Example 1: Wild-type MeCP2 protein expression assay design
[0172] FIG. 1 A-C shows a wild type MeCP2 protein expression assay design. FIG. 1 A shows isogenic control patient derived organoid (PDO) models are generated from Rett patient iPSC lines in which the wild type MeCP2 gene (WT MeCP2) on the active X chromosome (Xa) is expressed. The mutated MeCP2 gene is on the inactive X chromosome (Xi) and not expressed. Immunolabeling with a C-terminal targeting MeCP2 antibody results in detectable MeCP2 expression in cells. FIG. IB shows PDO models of Rett syndrome generated from iPSC lines expressing mutated MeCP2 protein with premature truncation on the Xa and wild type MeCP2 on Xi. C-terminal targeting MeCP2 immunolabeling results in no detectable MeCP2 protein.
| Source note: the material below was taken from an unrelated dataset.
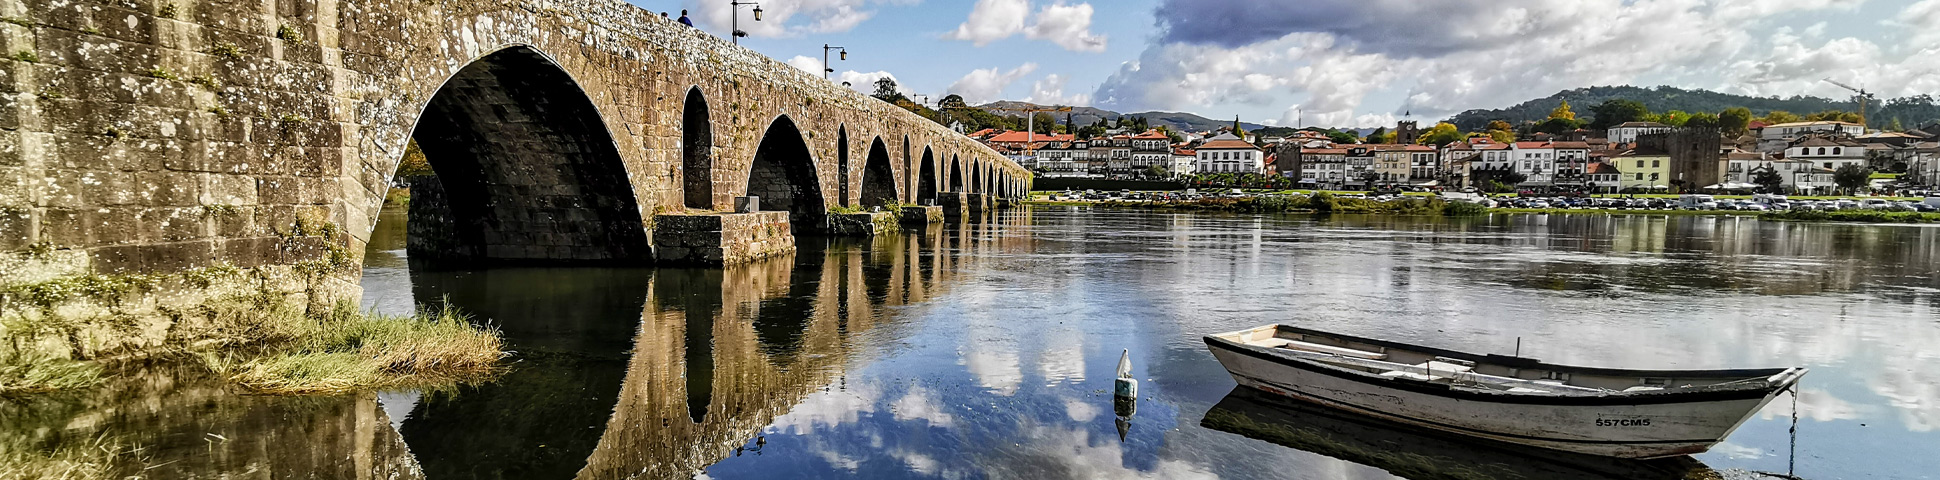 Guided Cycling The Portuguese Camino
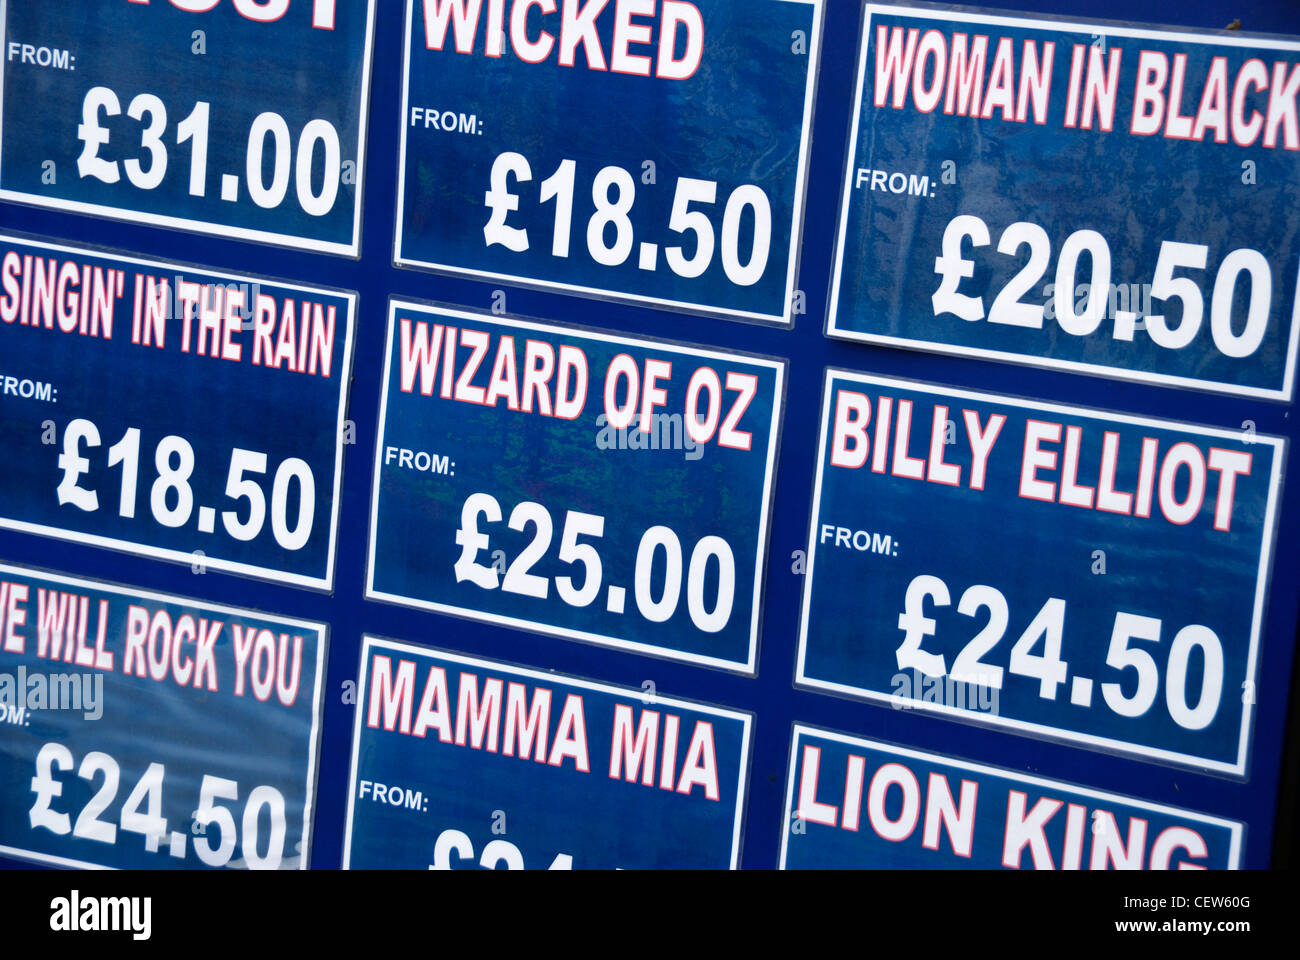 London West End theatre ticket prices Stock Photo

FIG. 1C shows a drug compound inducing re-activation of wild type MeCP2 from the inactivated X chromosome (Xi*) that results in measurable C-terminal immunolabeling enabling quantification of percentage MeCP2 reactivation.
General Procedures
Stem cell lines
[0173] Patient fibroblasts, with mutation R270X, were obtained from Rett Syndrome Research Trust. Patient fibroblasts were reprogrammed into induced pluripotent stem cells (iPSCs) using nonintegrating Sendai Virus (Cytotune 2.0). Single clones were selected and expanded. The clones were validated for their expression of either the mutant MeCP2 270X allele, or the wildtype MeCP2 270R allele. The iPSCs were maintained in StemFlex medium on matrigel-coated plates.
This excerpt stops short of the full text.